Discussion for article #229410
The real news here is somebody still has a MySpace account.
That was in 2007, an eon ago in cyber terms.
Fake news article? I’m shocked…
The Washington Times wasn’t credible enough?
This is seriously messed up. Even worse is how unapologetic the FBI is about it, essentially having their agent say they will do this again whenever the feel like it.
And why has it taken 7 years to surface?
I have the hardest time understanding a world where the federal government uses the same techniques they’re actively seeking to incarcerate others for using. That’s justice? All of a sudden, the law doesn’t apply to government agencies?
As a Seattlite I’m not sure how I feel about this. The Times is a right-wing rag and the publisher Frank Blethen, by abrogating a Joint Operations Agreement, destroyed his competition and made Seattle a one paper town. The paper was also a major donor to the campaign of Republican gubernatorial candidate, anti-labor and anti-ACA litigant Rob McKenna. Did I mention that the publisher was also got caught shooting his neighbor’s dog?
"the FBI spoofed the Times website in 2007 "
Thanks Obama.
Ahem. In 2007.
jw1
Ha ha!

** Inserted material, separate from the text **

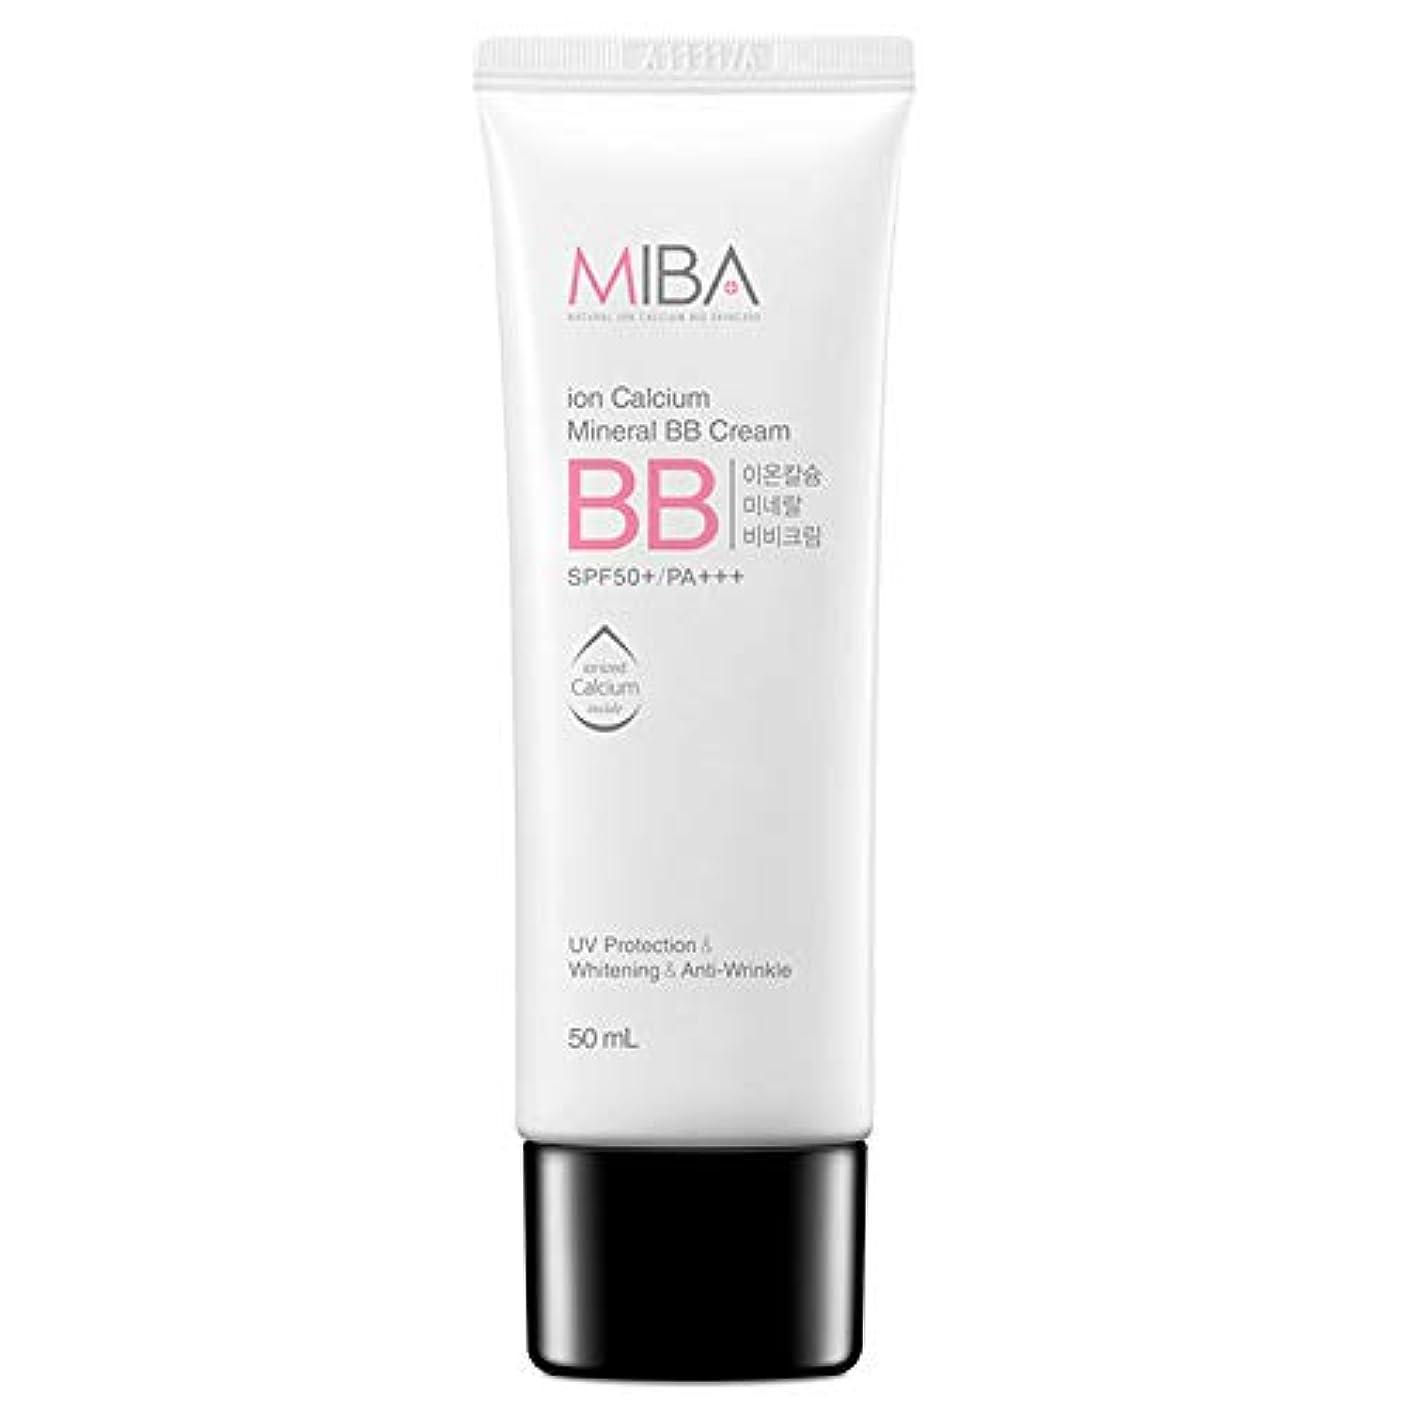 含めるテクトニック執着スキンDr ミバ IC ミネラルBBクリーム SPF50+/ PA+++ / MIBA Ion Calcium Mineral BB Cream [正規品]

You’re right, this happened in 2007, I’m an idiot.
So they phished him, big deal.
I’m having a hard time being outraged about this. This is a sting operation, something law enforcement has done for as long as there have been law enforcement agencies. The only difference here is that it uses electronic media. They dangled some bait, and the fish bit the hook. What’s to be outraged about?
J. Edna Hoover is surely looking up with envy at all the secrets he is missing out on with the modern technology.
I am not seeing that they hacked the paper’s website, just that they created a fake site with one story and sent the URL to just one person they thought was dangerous. That does not get my panties in a bunch. Am I wrong?
No. No you are not. I’m really not seeing what the story is here.
The FBI is no less apologetic for faking a newspaper’s on-line look than “some posters” were in defending three political scientists’ misuse of official state seals to influence voters in three states. Situational ethics are truly situational, aren’t they?
By the way, the good that comes from catching someone threatening to bomb a school outweighs any theoretical harm done to the newspaper, to paraphrase a core argument of the “voting experiment’s” defenders.
I was about to post a nearly identical comment.
If they sent such a link to him, or even posted it to his myspace account, it is not like the general public could stumble upon the fake. No reader of the Seattle Times could view the article, or be affected by FBI spyware.
Me neither. I see a lot of false equivalency. They dummied up a site and directly phished a suspect. No one else saw the story/site.
You seriously don’t see the difference between a sting presenting itself as a news rag to find a subject and pretending something you cook up in you office has the authority and oversight of a government agency?